Encoded Archival Description is in the form of a Standard Generalized Markup Language (SGML) and Extensible Markup Language (XML) Document Type Definition (DTD).7 SGML is a hardware- and software-independent standard maintained by the International Standards Organization for developing encoding schemes for textual material. SGML was first published in 1986, and has enjoyed a great success in government, industry, and academia. Because SGML is complex, with challenging features, programmers have found developing software difficult. XML is a compatible subset of SGML developed by the World Wide Web Consortium (W3C) and approved in February of 1998.8 XML and the companion standards, Extensible Stylesheet Language (XSL) and Extensible Linking Language (XLink), provide most of the functionality of SGML and related standards (DSSSL and HyTime) without the more complex and challenging features that have made SGML software development difficult. XML has been widely embraced by software developers and appears to be fostering the broad and diverse software market envisioned by its designers. As a DTD compliant with both SGML and XML, EAD is well positioned to take advantage of both existing SGML software and, as it emerges, XML software.
Reflecting ISAD(G), the EAD DTD emphasizes the hierarchical nature of archival description and inheritance of description. A diverse set of descriptive elements is available for describing the whole of a collection or fonds. Following the description of the whole, the same elements are available for describing components of the whole, components of the components, and so on. At each level of description, only that description which applies to the entire level is given. Each lower level inherits the description of the containing or superior level. For example, the name of the repository would only be given in the description of the whole, and not repeated in the description of sub-components.
The EAD DTD contains three high-level elements: the <eadheader>, <frontmatter>, and <archdesc>. The <eadheader> is used to document the archival description or finding aid, while the <frontmatter> is used to supply publishing information such as a title page, and other prefatory text. The <archdesc> contains the archival description itself, and thus constitutes the core of the EAD.
The <archdesc> contains several high-level descriptive categories which themselves contain more detailed descriptive categories. The most important of the high-level elements is the <did> or descriptive identification. The purpose of the <did> is to supply the information essential for the user to identify the materials and to make a reasonable judgment concerning their relevance. The <did> thus contains elements for identifying the title, creation dates, creator, extent, and holding repository, as well as an element for supplying an abstract of the scope and content of the materials and a brief biography or history of the creator. Following the <did> are elements for providing administrative information, such as restrictions on access or use (copyright); detailed biographies and histories, and scope and contents; related materials; controlled access; and so on. Finally, the <archdesc> contains an element that facilitates a detailed analysis of the components of a fonds, the <dsc> or description of subordinate components.

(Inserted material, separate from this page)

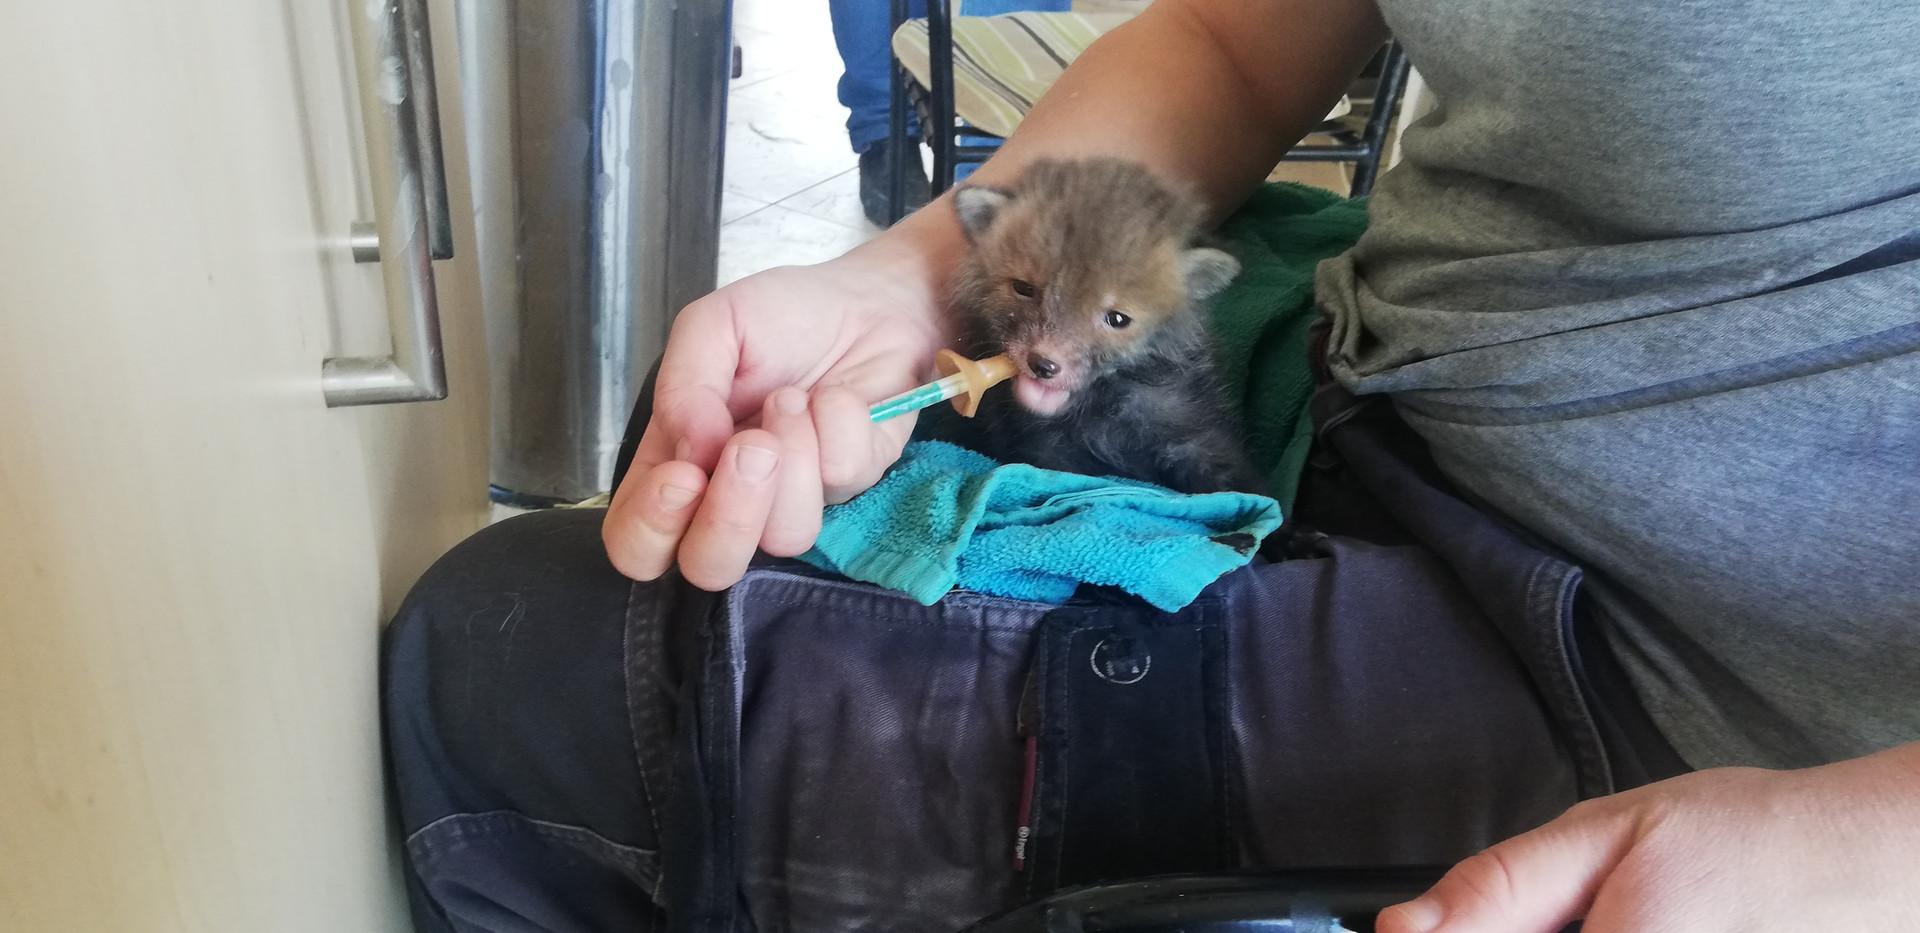 Weasel feeding

Following the principle in ISAD(G) that all elements of description be available at all levels in the hierarchical description, the <dsc> contains a repeatable, recursive element, the <c> or component, that has all of the descriptive elements in it that the <archdesc> has. <c>s can thus be "nested" inside of <c>s to any level needed to fully describe all components of a fonds.
In addition to representing standard archival description, EAD takes advantage of the digital medium to support linking the description to original digital and digital representations of archival material. EAD thus can be used to provide direct access to manuscripts, correspondence, pictorial material, audio recordings, audio-visual materials, maps, and so forth. Such linking can be used to enhance the description by providing representative examples of the described materials, or for providing access to entire fonds.
EAD represents a very early stage in the transformation of archival description using advanced technologies. It provides a means to create machine-readable versions of traditional archival description which in turn provides the archival community with the opportunity to experience and understand new technologies. To date, most EAD implementations concentrate on display, and relatively simple indexing. While network access and full-text indexing greatly enhance access to the descriptions and, through them, to the materials described, it is clear that much more is possible. Research is needed to understand whether traditional archival description will be effective in this new medium, what may need to be changed or added, and in what ways and how to exploit fully the descriptive information.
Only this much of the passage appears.